Data section —
____________
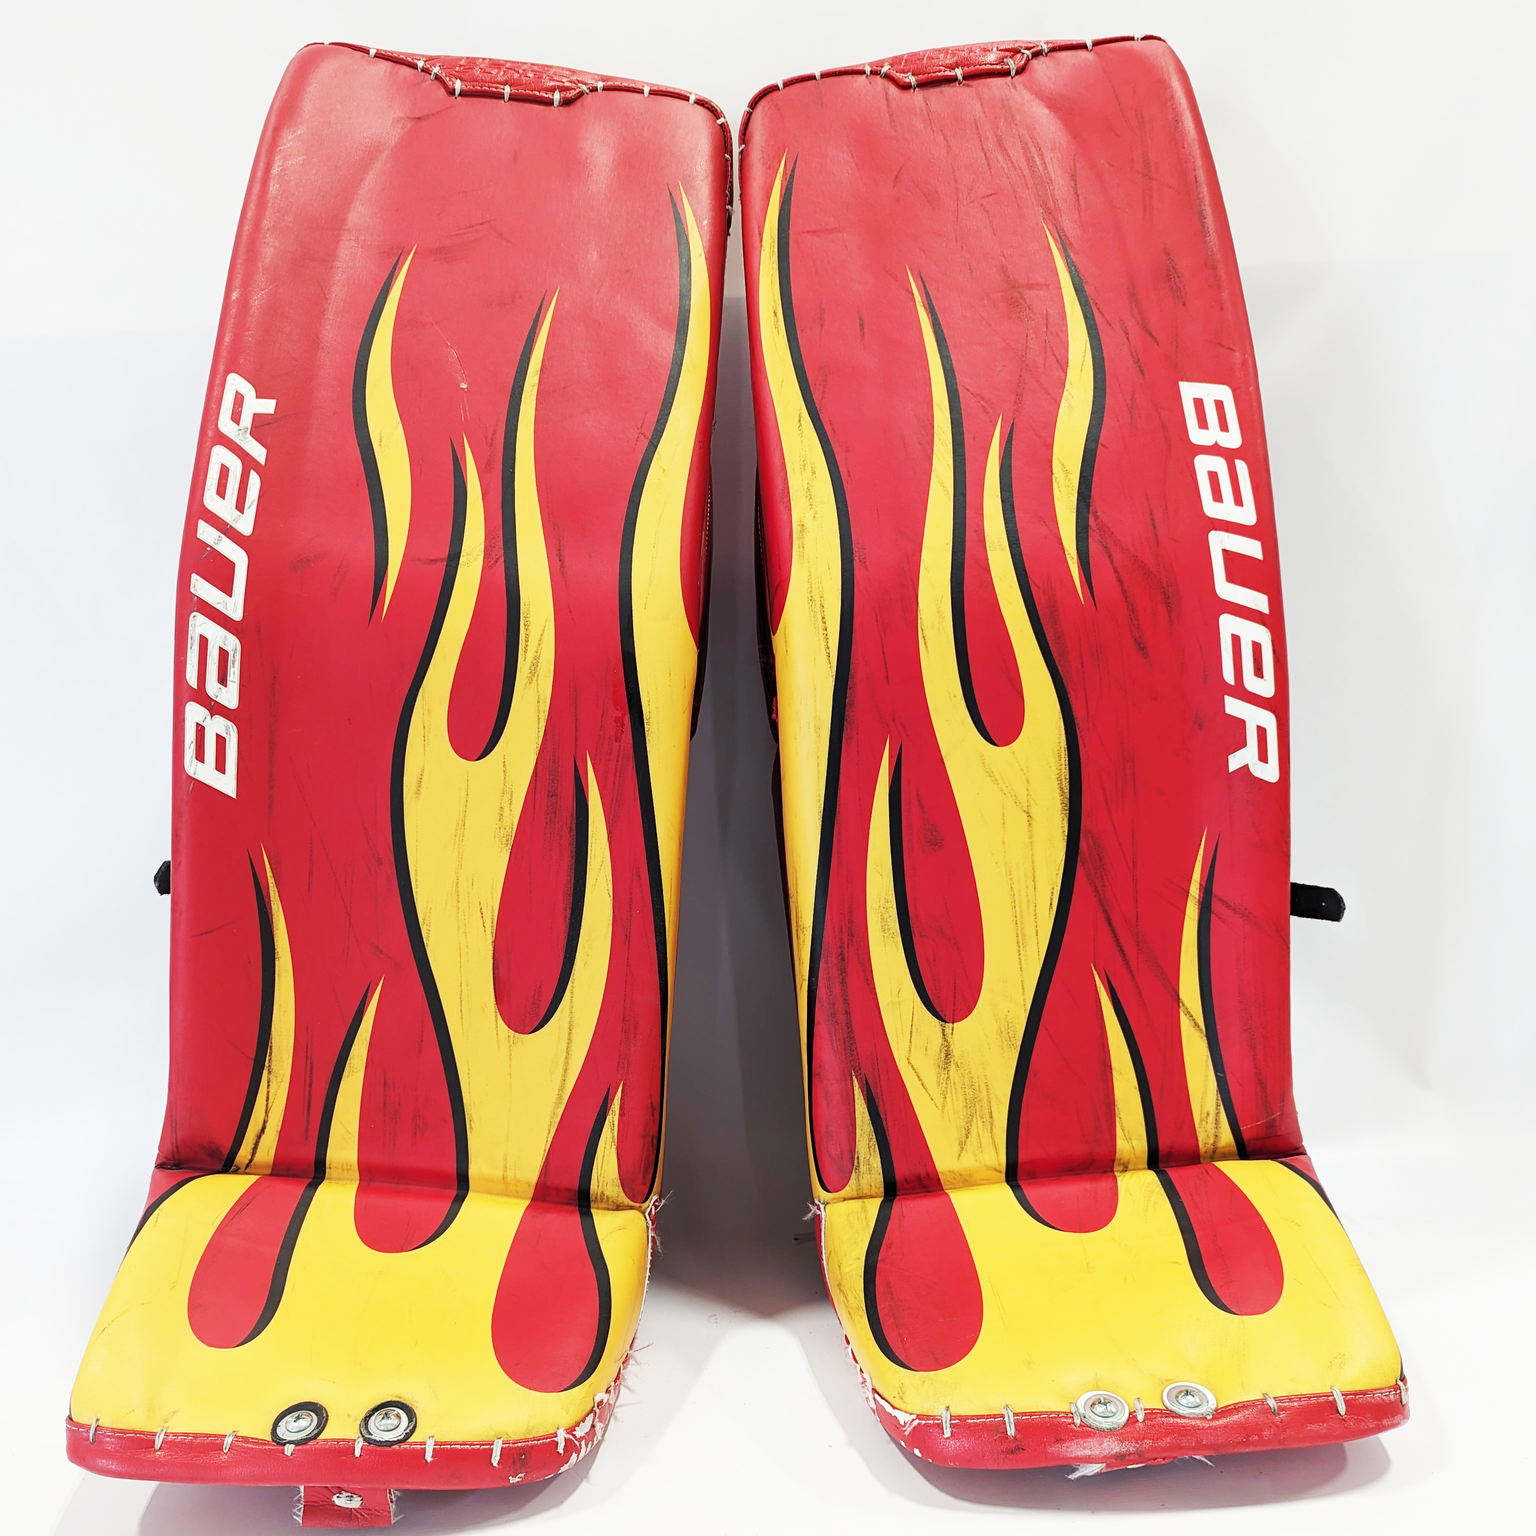 Used 36+" Bauer Supreme Ultrasonic Goalie Leg Pads Pro Stock (Red/Yellow Flames)
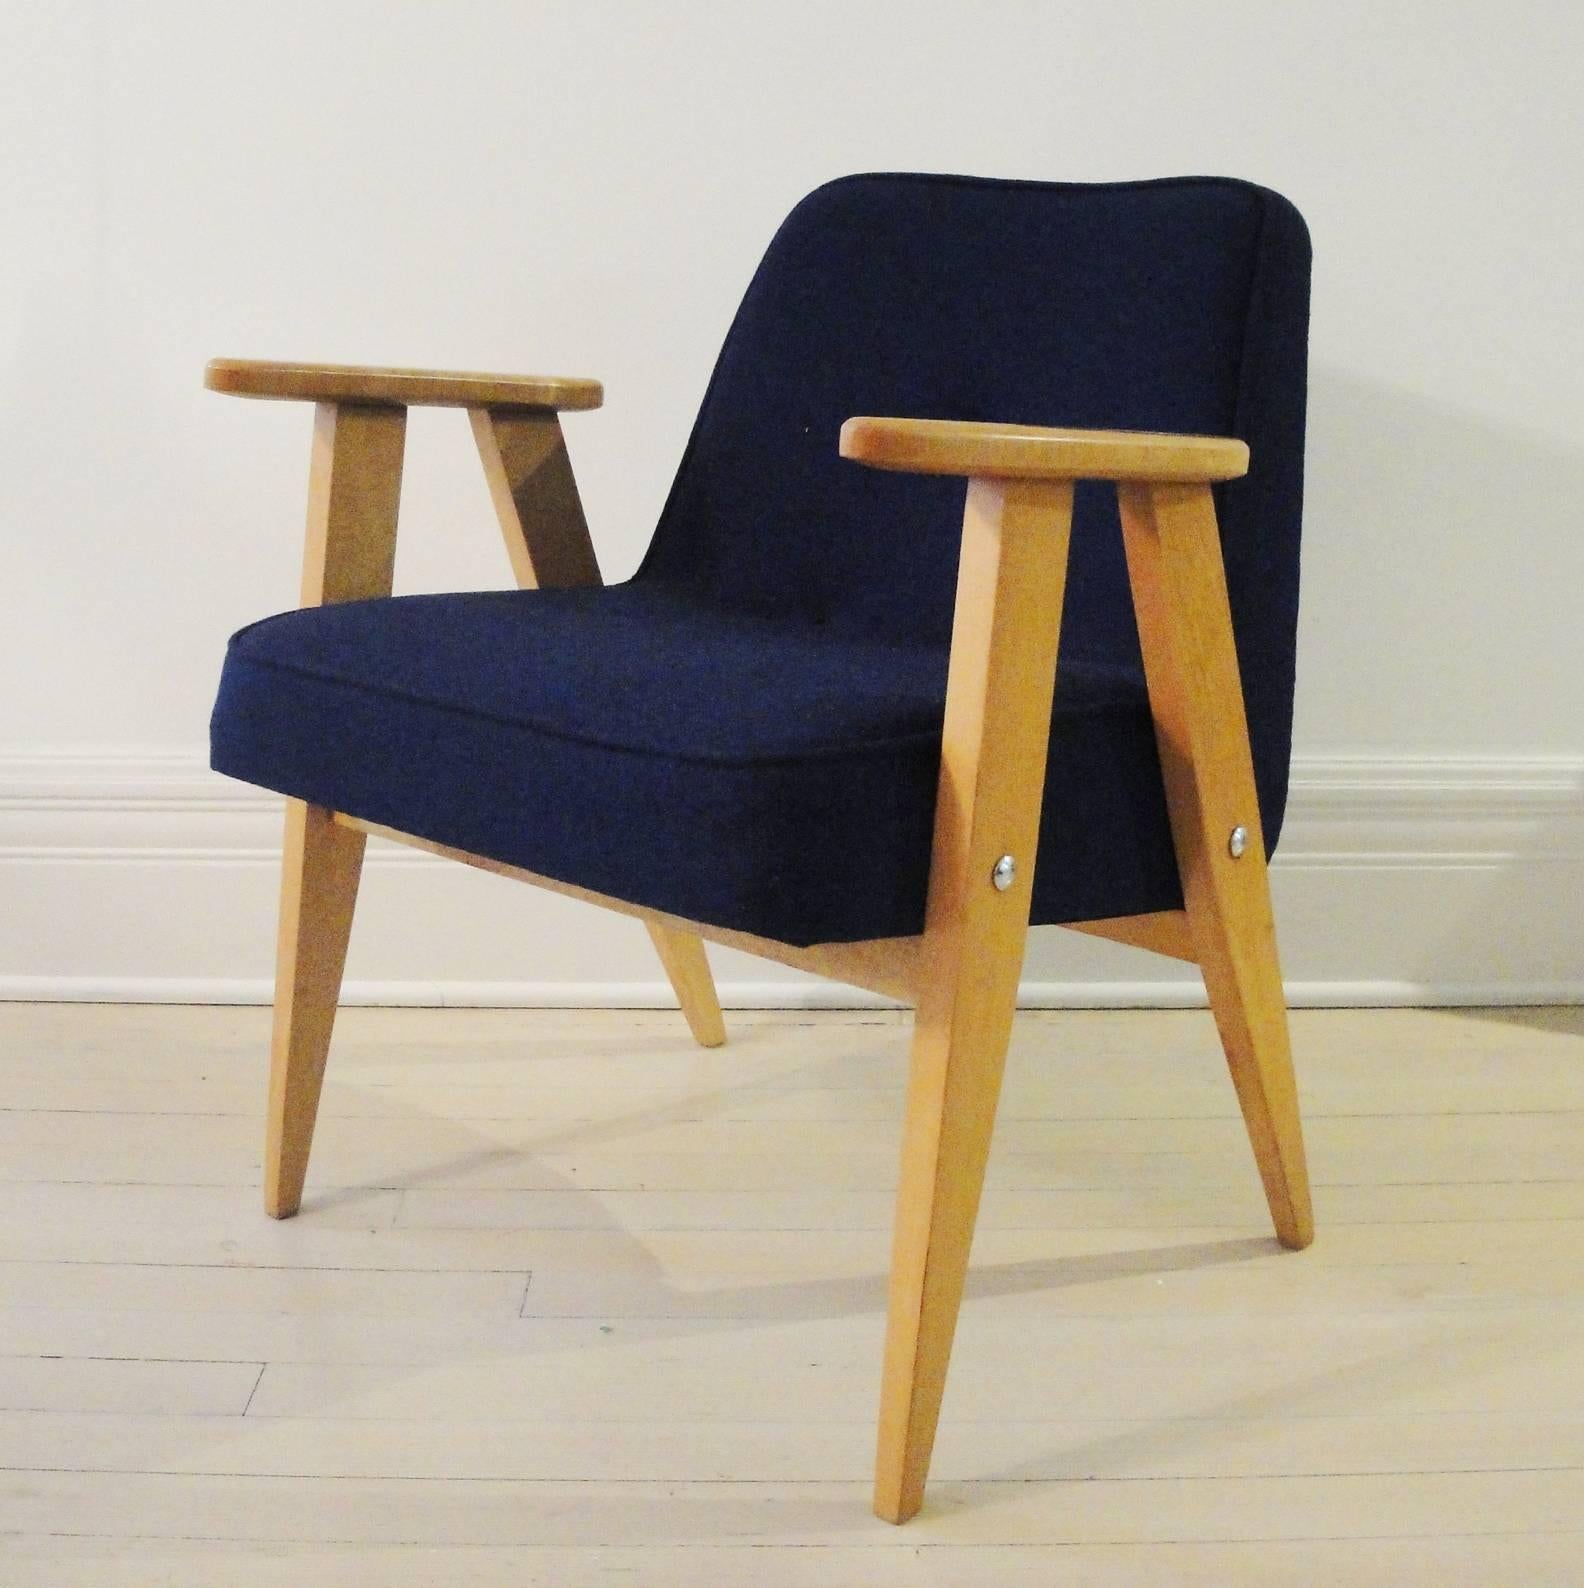 Armchair model no. 366 designed by Jozef Chierowski in 1962.
Ash wood, newly upholstered Kvadrat dark blue fabric. Simple line, very comfortable. Recently published in French "Elle Decor".
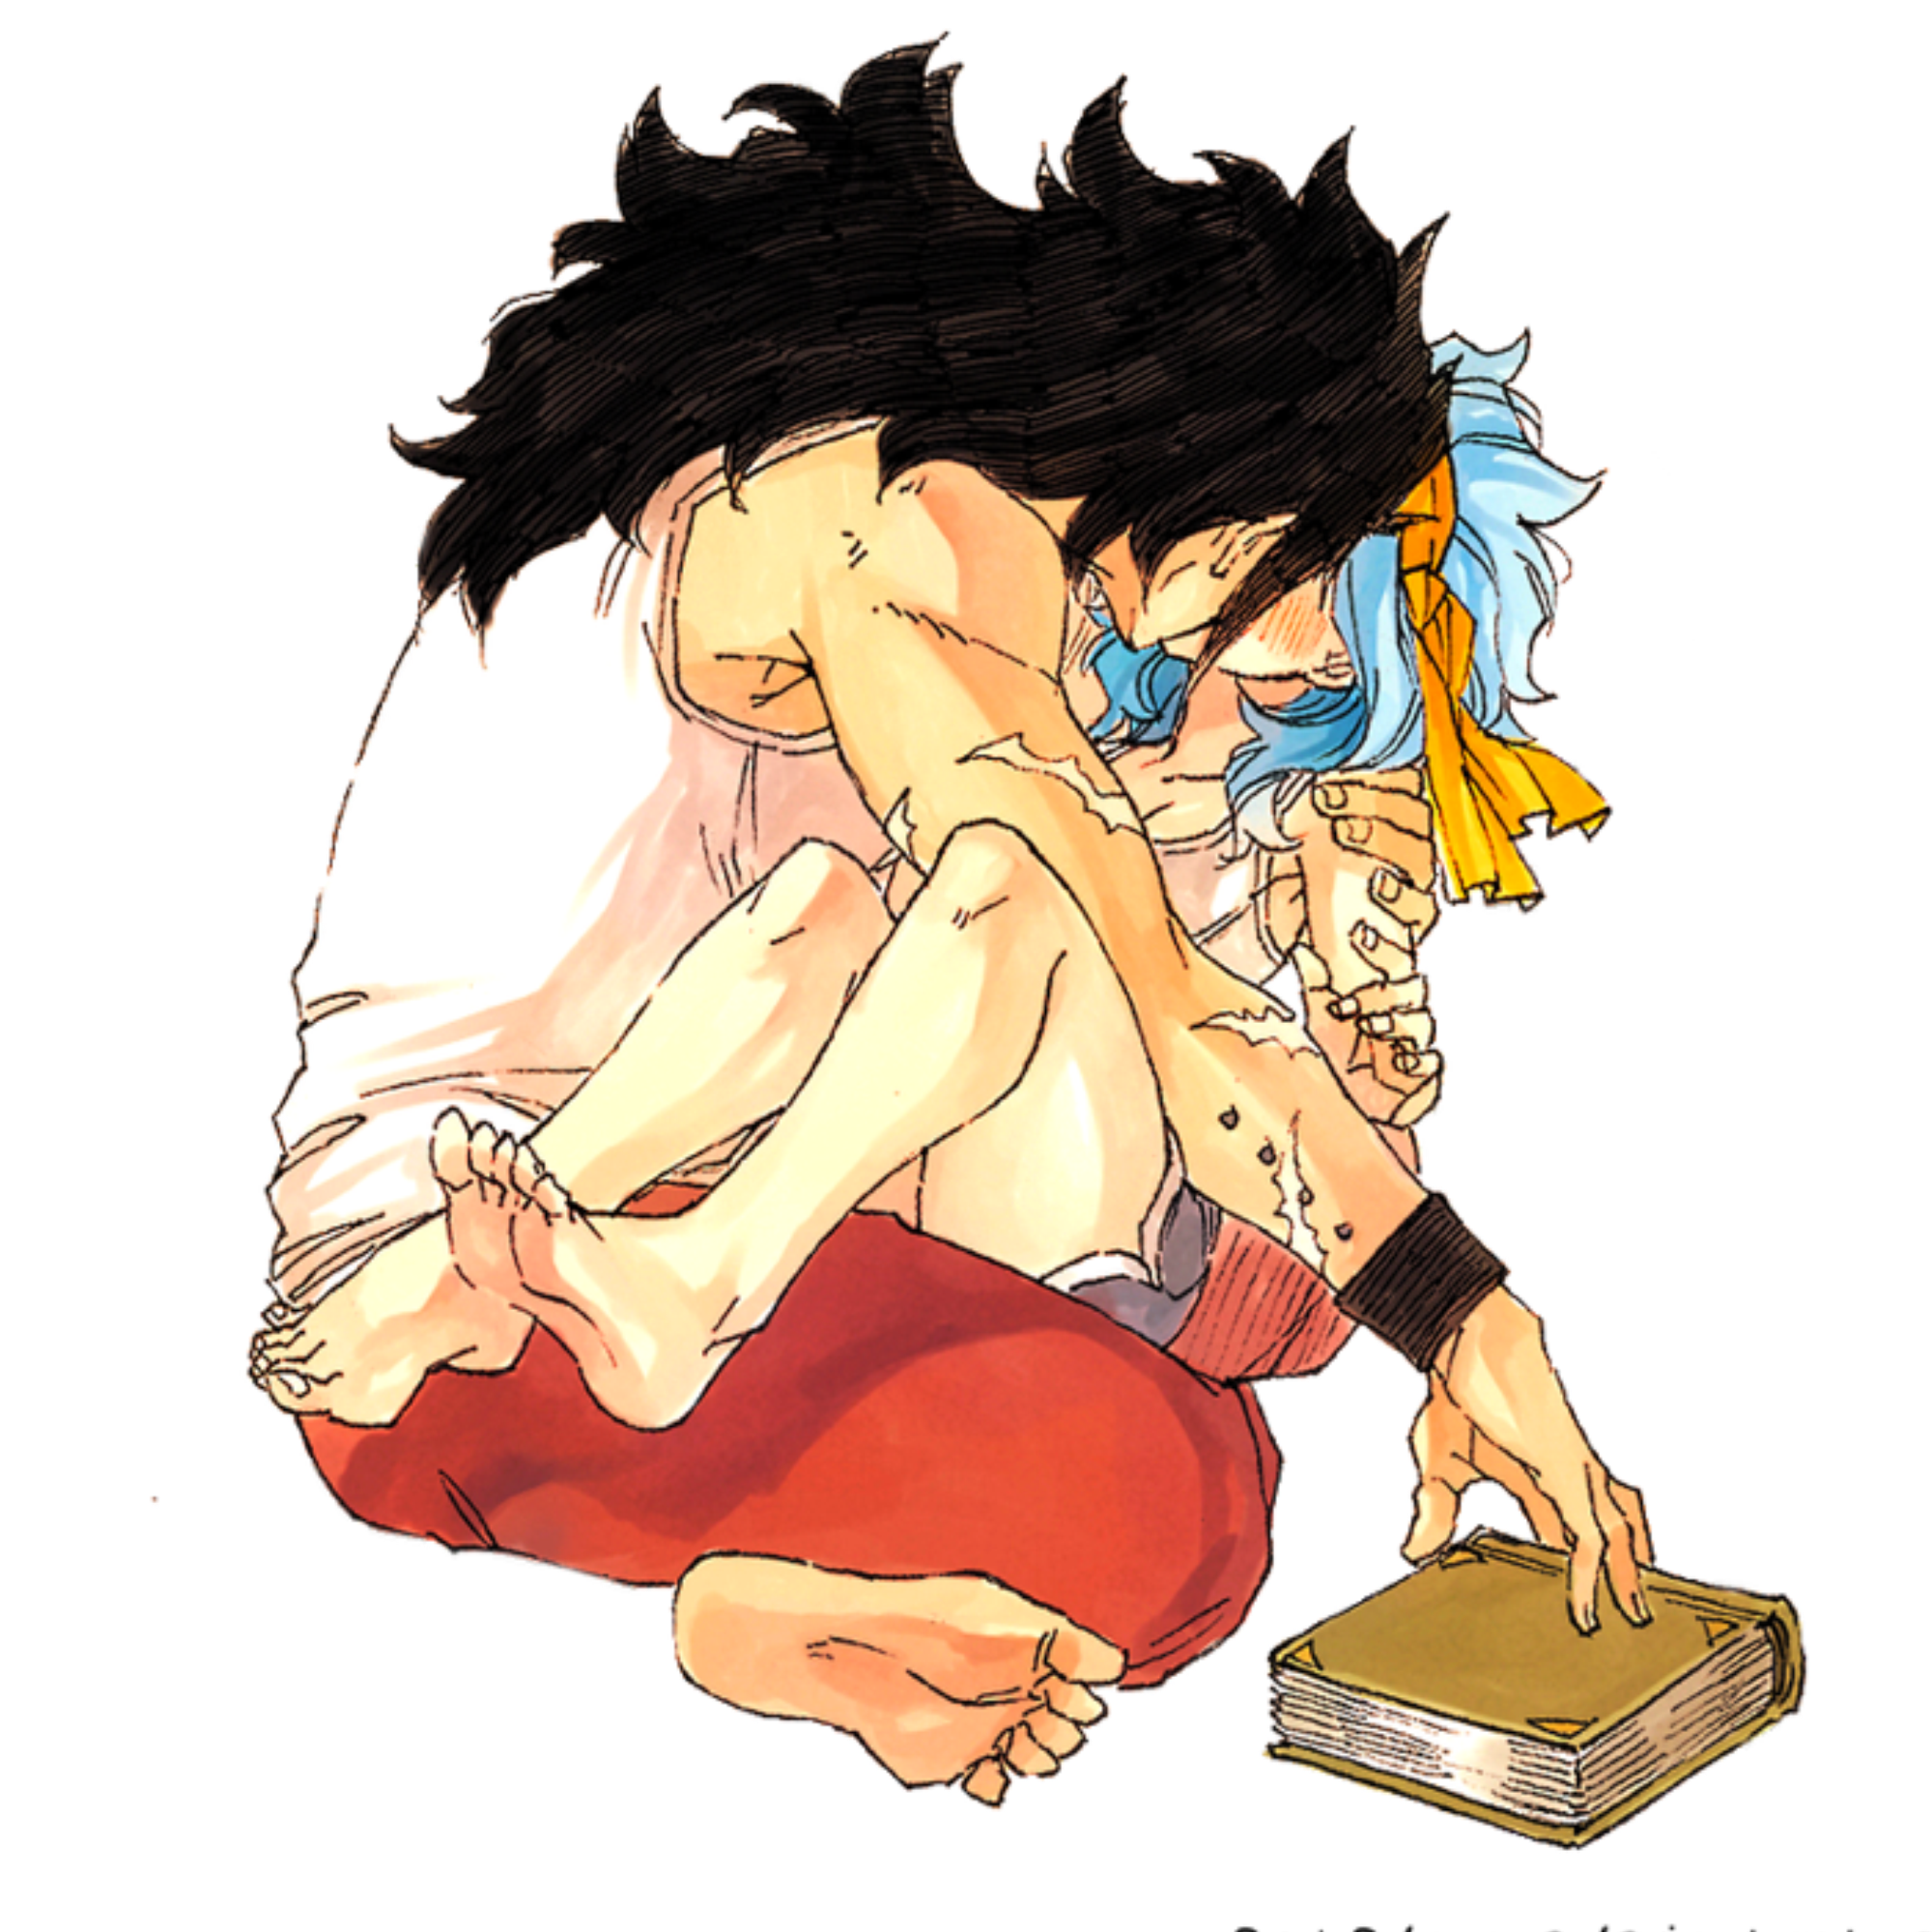 This visual is about gajevy fairytail gale levy gajeel freetoedit #gajevy #...
____________
Exercise directions — Only the pictures stay out; everything else in the listing above must be repeated exactly.

Answer —
 Used 36+" Bauer Supreme Ultrasonic Goalie Leg Pads Pro Stock (Red/Yellow Flames)
 Armchair model no. 366 designed by Jozef Chierowski in 1962.
Ash wood, newly upholstered Kvadrat dark blue fabric. Simple line, very comfortable. Recently published in French "Elle Decor".
 This visual is about gajevy fairytail gale levy gajeel freetoedit #gajevy #...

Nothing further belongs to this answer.